Rapper Dr. Dre recently made headlines when he gifted each member of his legal team a holiday “bonus,” in sums of $10,000 and up.  While undoubtedly very generous, is such a grand gesture from a client to an attorney ethically permissible? It depends.

Model Rule 1.8(c) permits an attorney to accept a gift from a client, if the gift “meets general standards of fairness.”  Simple gifts, like a fruit basket at a holiday or a bottle of champagne as a thank you, are permitted.  If the client offers an attorney a gift that is more “substantial”, defined by the Model Rules as denoting “a material matter of clear and weighty importance”, the attorney is not precluded from accepting it.  However, be wary.  The Comment to Rule 1.8 cautions that extravagant gift may be voidable by the client under the doctrine of undue influence, which treats client gifts as presumptively fraudulent.

Further, a gift can be subsequently held by a court to be a portion of the client’s fee for services.  If the gift is construed as a fee, it must comply with Model Rule 1.5, which prohibits an attorney from charging unreasonable fees.  In determining if a fee was reasonable, the factors to be weighed include the time and work required, the complexity of the matters handled, market rates in the locality for similar services, the results obtained, the nature and length of the attorney-client relationship and the experience and reputation of the attorney.

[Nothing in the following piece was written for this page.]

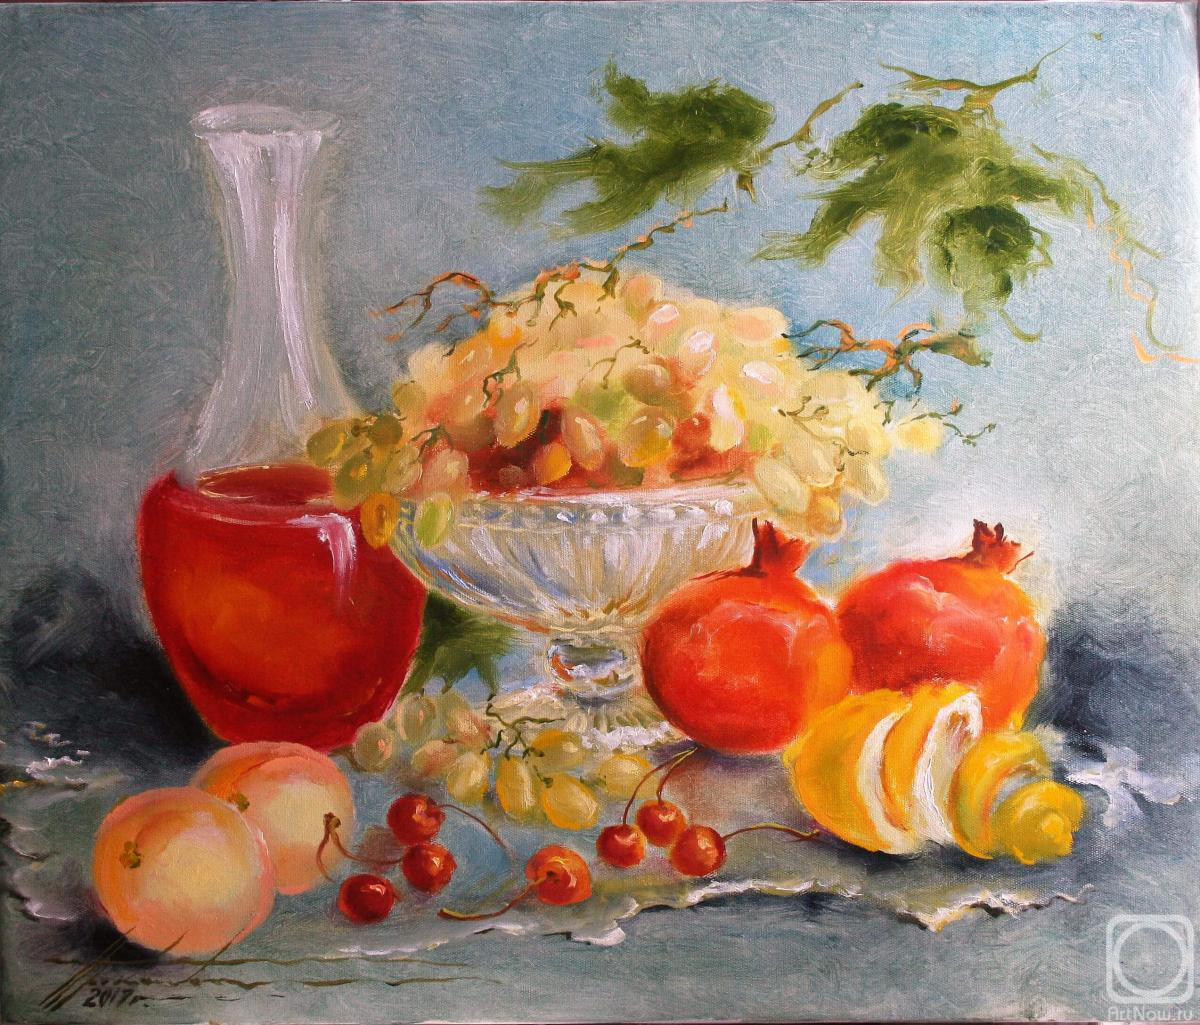 Prokaeva Galina. Pomegranate juice

If giving the gift requires preparation of a legal instrument, such as a will, your client should consult another lawyer for unbiased advice, unless the client is your relative.  For purposes of the rule, a “relative” includes a spouse, child, grandchild, parent, grandparent or other relative or individual with whom the lawyer or the client maintains a close, familial relationship.  You can be named in a client’s will, but you may not draft the will.  Courts have suspended and disbarred attorneys for violating this rule.  Under no circumstances should a lawyer solicit substantial gifts for herself from a client, unless the lawyer or other gift recipient is related to the client.  This portion of the rule seeks to protect clients from attorney overreaching and imposition.

To successfully navigate the gift-giving waters, check your state’s rules and remember these tips:

Size up the swag.  Is it a token, or something more “substantial”?  The Rules do not specify whether the “weight” and “importance” of the gift is determined from the perspective of the client or the attorney.  If the gift seems extravagant, you may accept it, subject to the cautions above.  You are also entitled to politely decline, citing the Rules.

Grinch-y or greedy.  There is a middle ground between a firm “no gifts” policy and running afoul of the Rules.  Accepting token gifts is fine, especially around the holidays.  But don’t imply that you want a gift or the client should give you a gift; that falls into the realm of soliciting a gift, which is expressly prohibited.

Put pricey presents on paper.  If you receive a substantial gift from a client, document it and all circumstances that surround that gift to show that it was freely given and not a fee for services.  If the gift came with a note or any correspondence, keep that too.

Consider your colleagues.  Gift restrictions are imputed to other members of your firm.  If you are being named in a client’s will, your partner should not draft the will.  Rule 1.8(k) cautions that while attorneys are associated in a firm, all gift restrictions that apply to any one of them shall apply to all of them.